_INFORMATION PROVIDED_
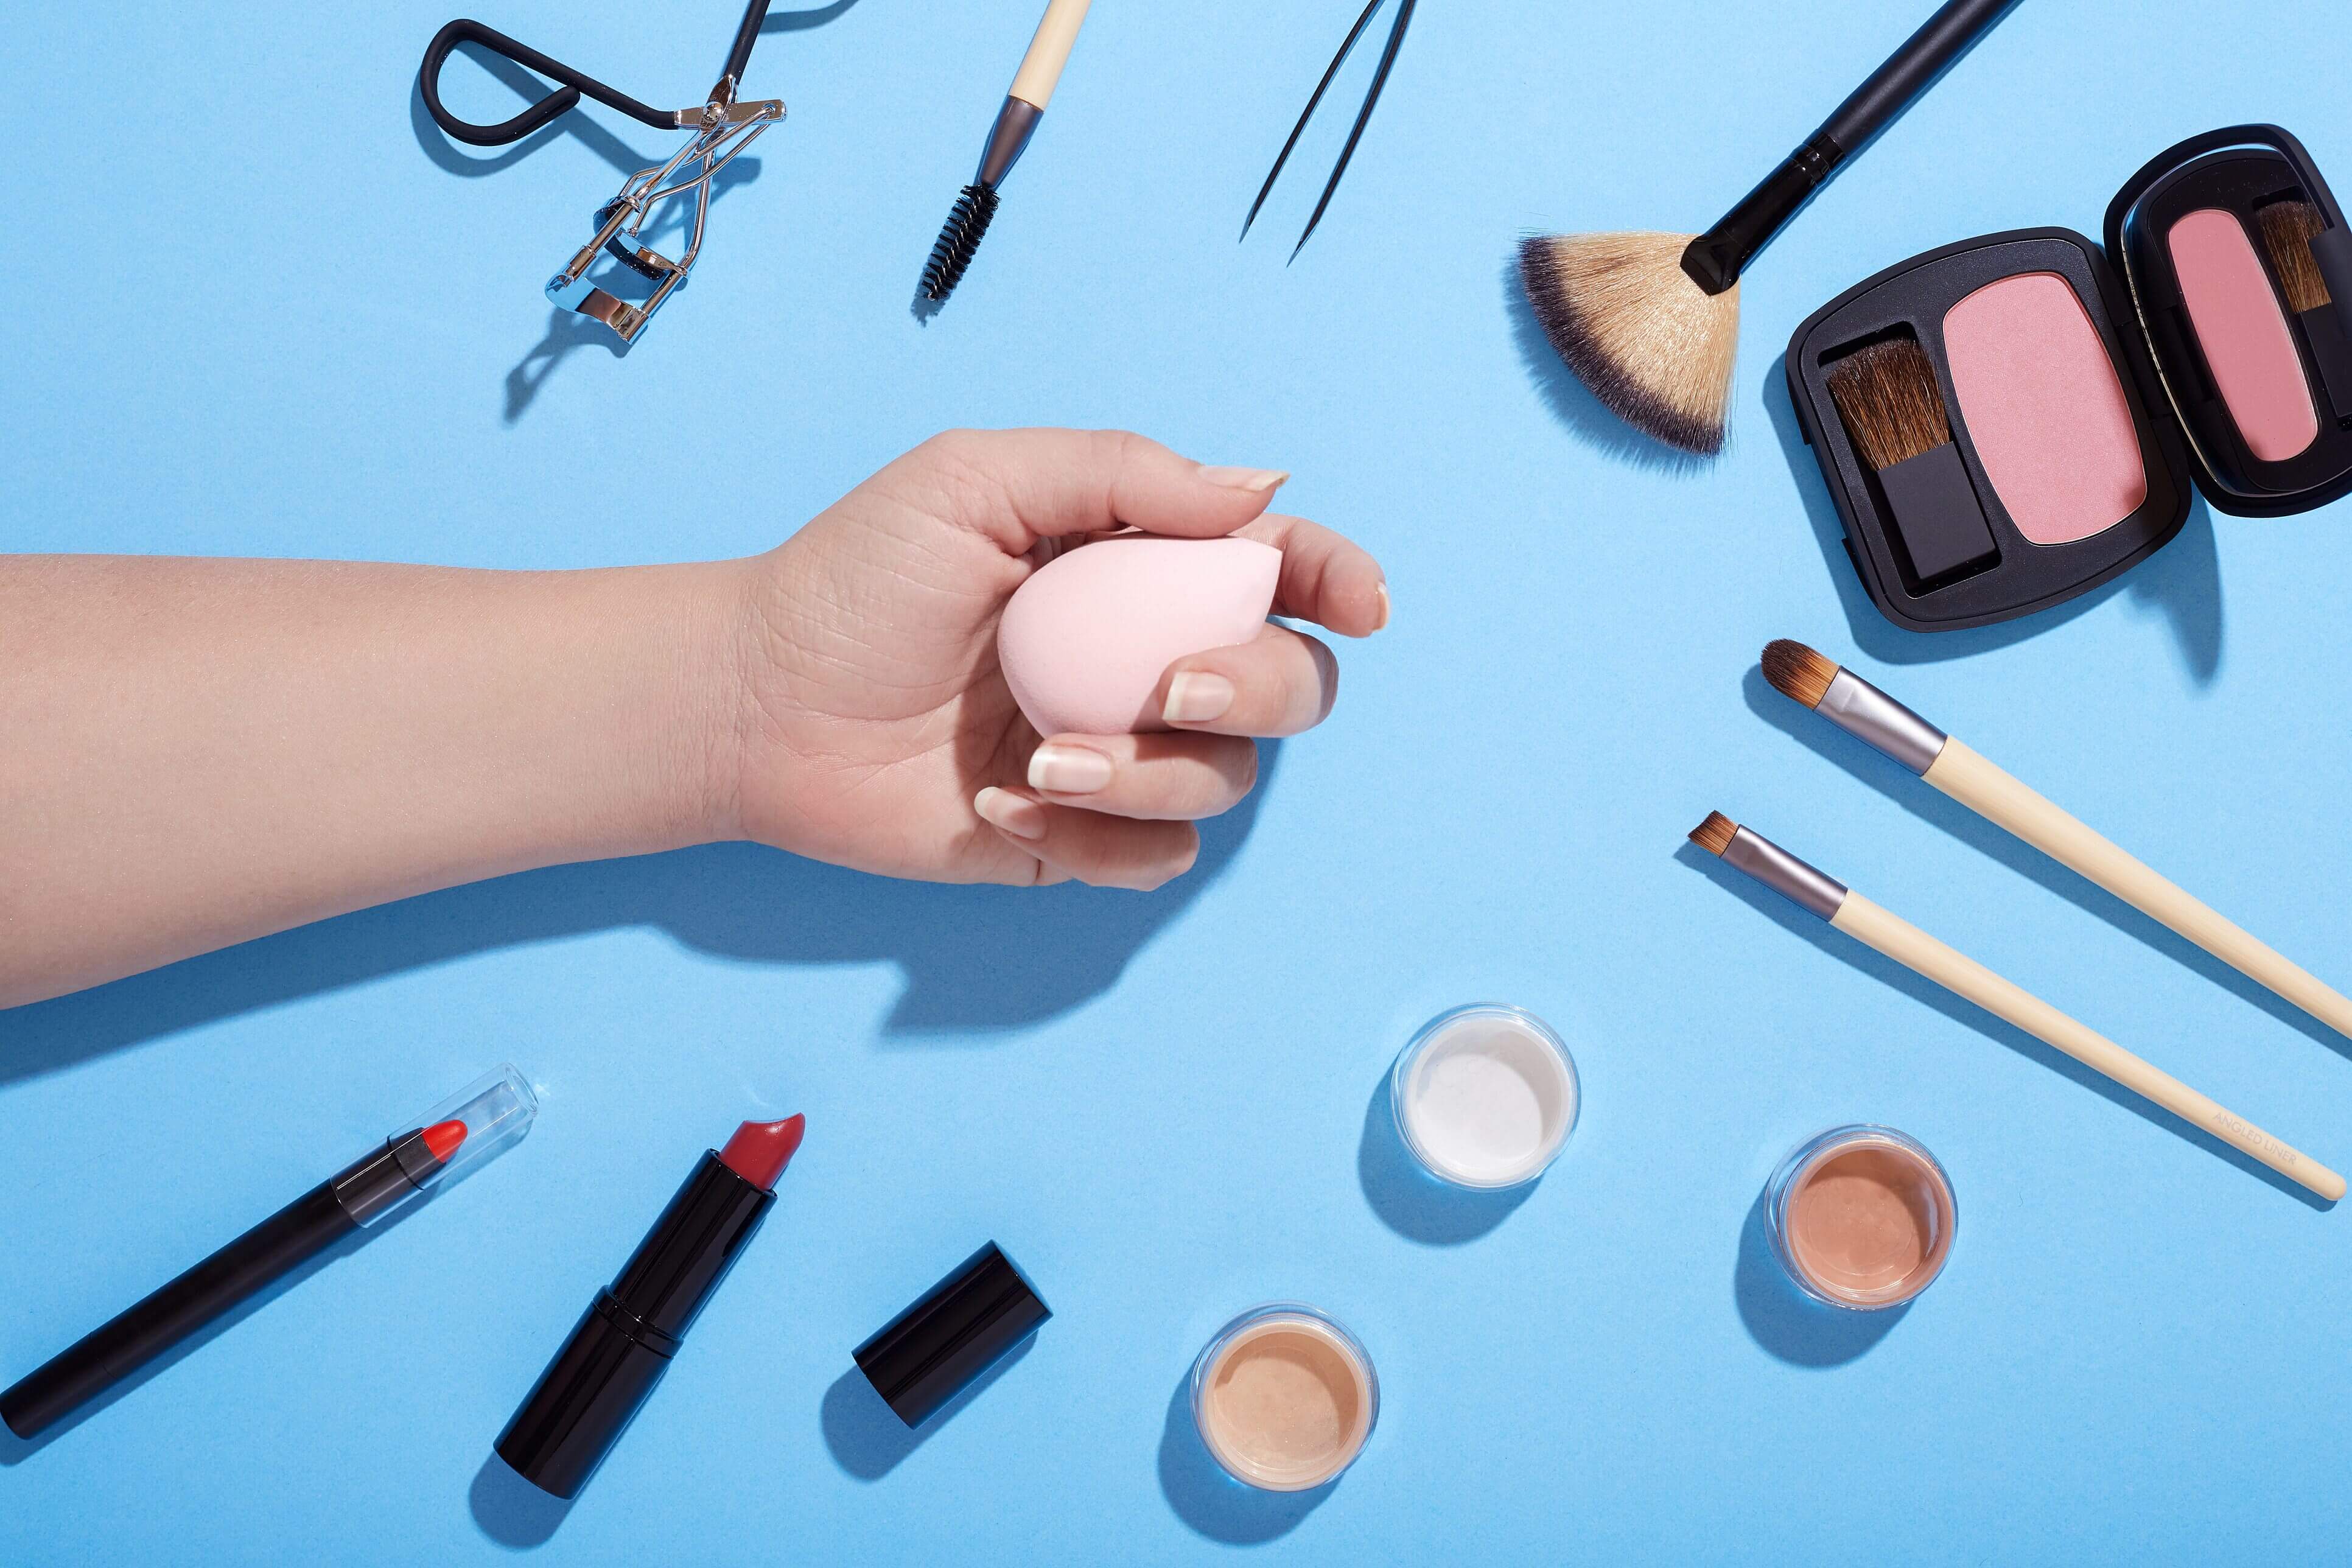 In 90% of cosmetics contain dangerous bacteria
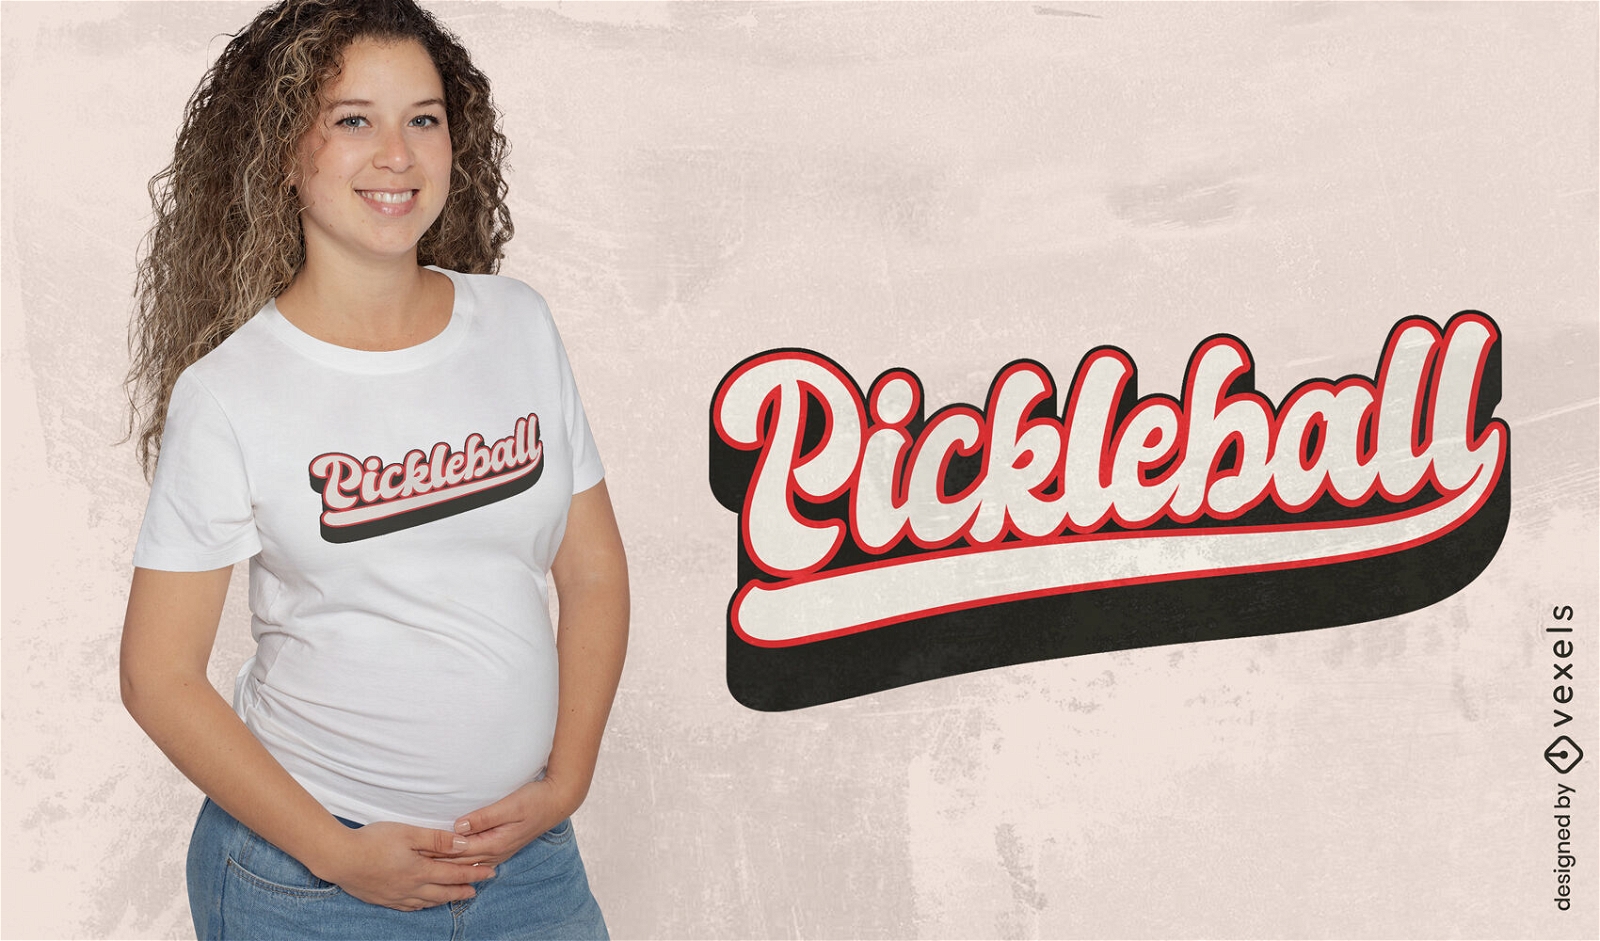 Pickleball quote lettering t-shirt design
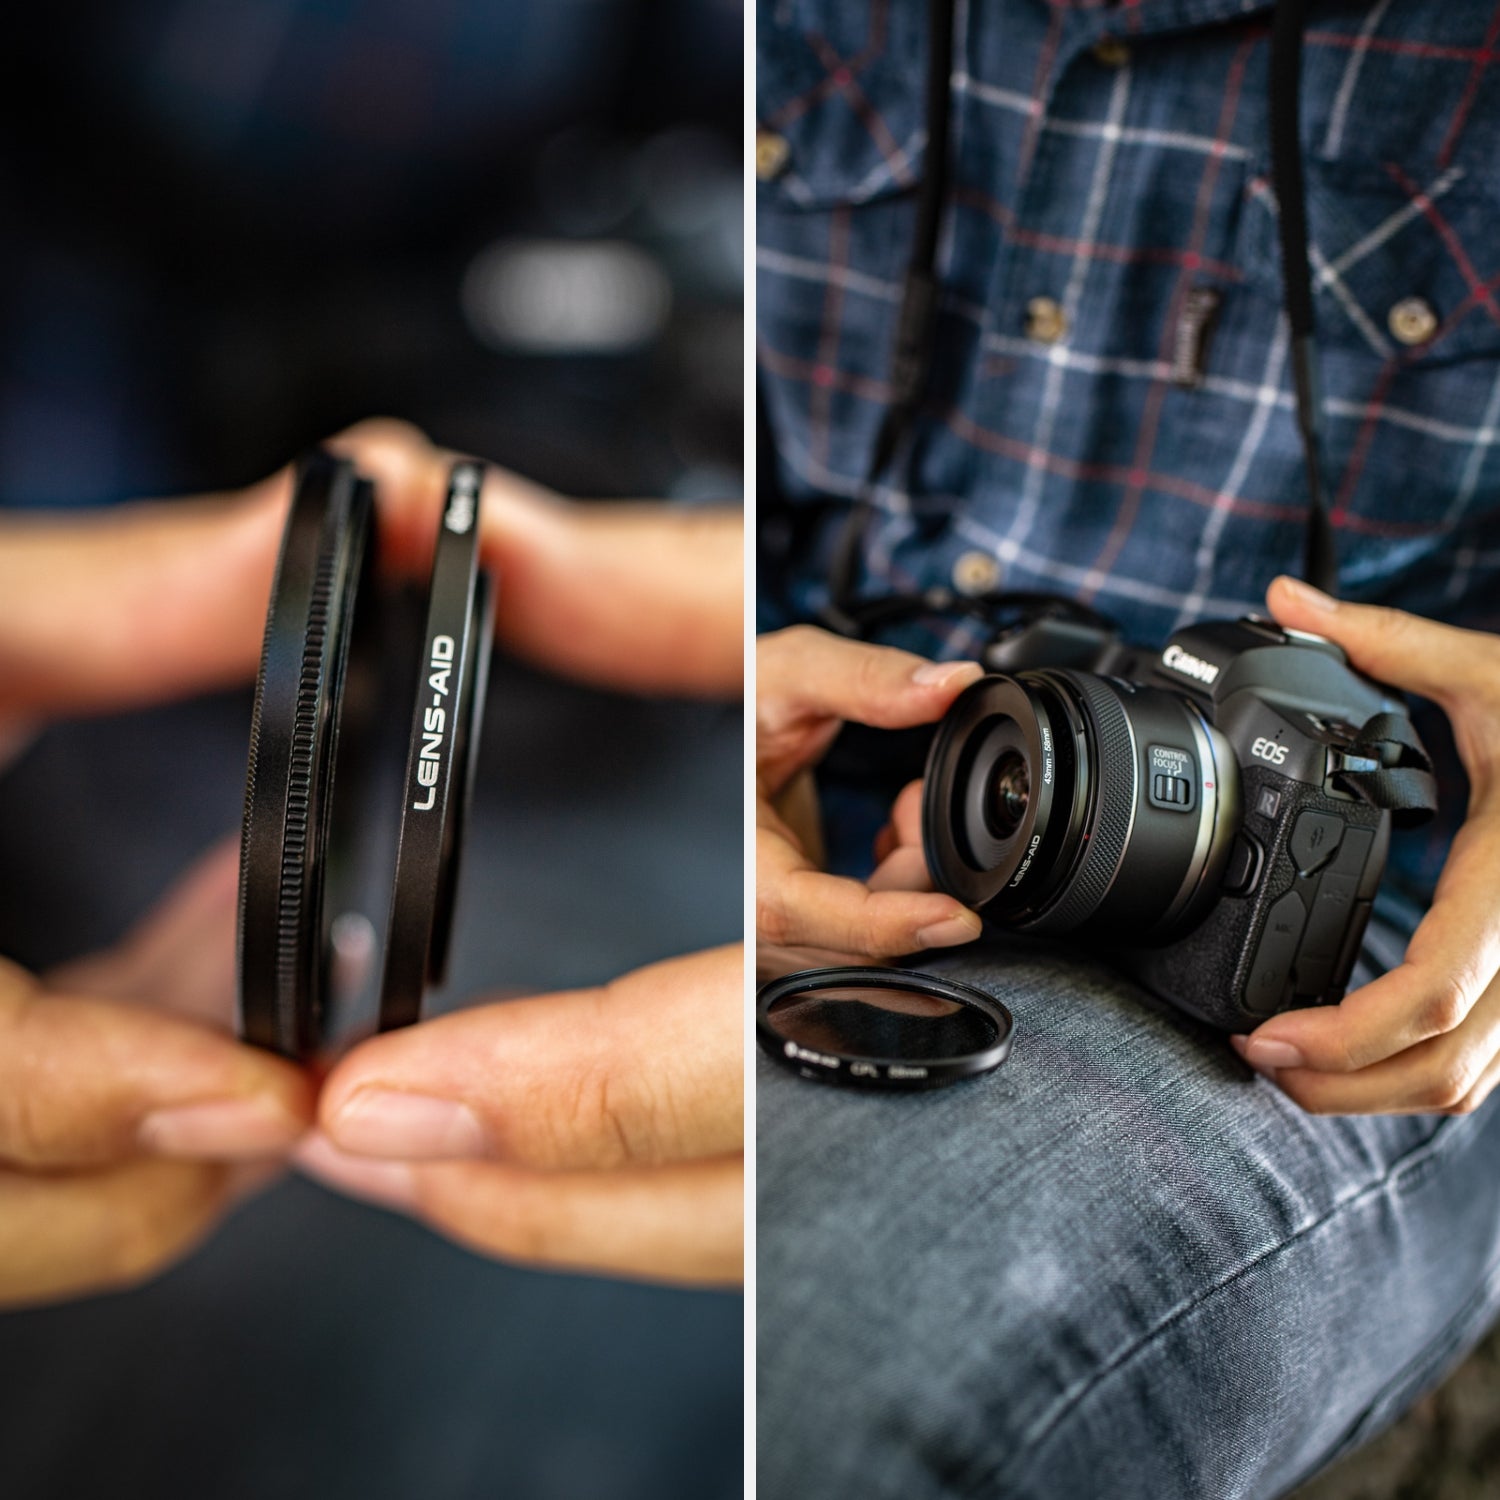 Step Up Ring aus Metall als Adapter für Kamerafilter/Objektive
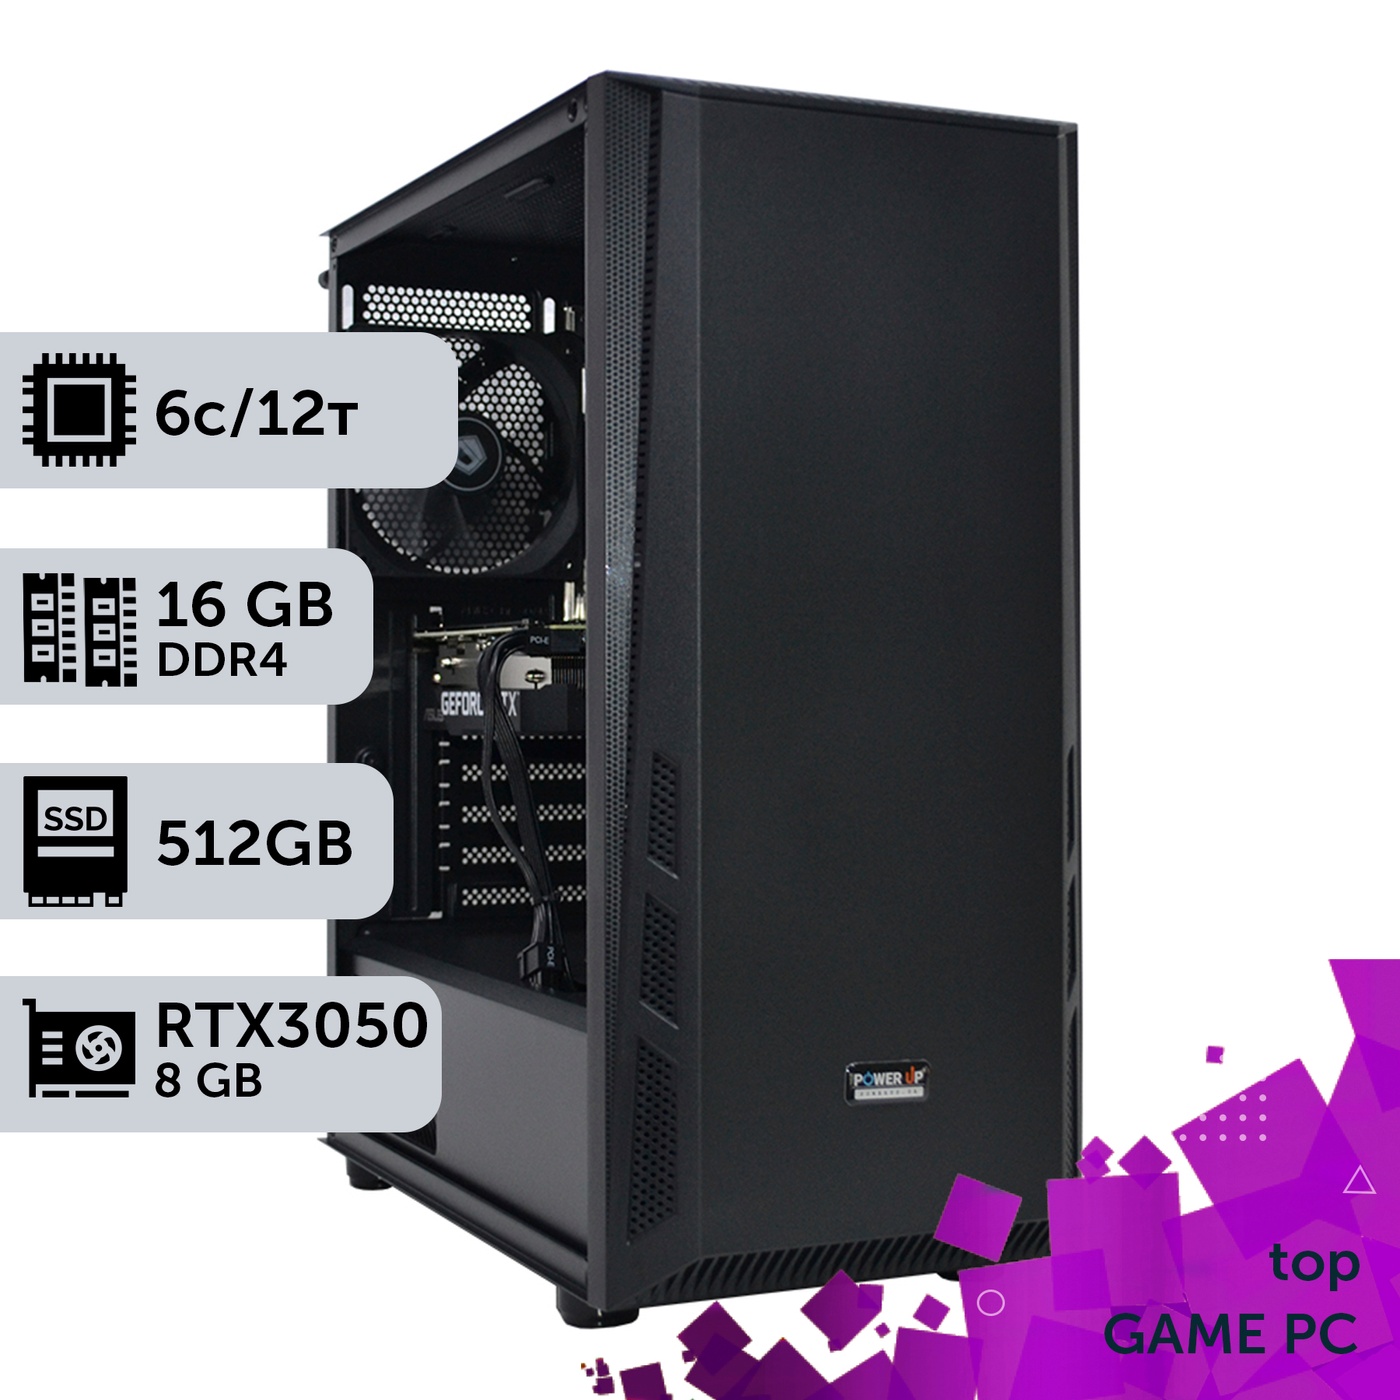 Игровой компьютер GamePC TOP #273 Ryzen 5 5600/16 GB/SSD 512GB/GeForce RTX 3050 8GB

_EXERCISE OBJECTIVE_
For this exercise, reproduce the data above exactly from the line containing "Pickleball quote lettering t-shirt design" through its final line, both ends included, with no pictures in the copy.

_OUTPUT FOR THIS EXERCISE_
 Pickleball quote lettering t-shirt design
 Step Up Ring aus Metall als Adapter für Kamerafilter/Objektive
 Игровой компьютер GamePC TOP #273 Ryzen 5 5600/16 GB/SSD 512GB/GeForce RTX 3050 8GB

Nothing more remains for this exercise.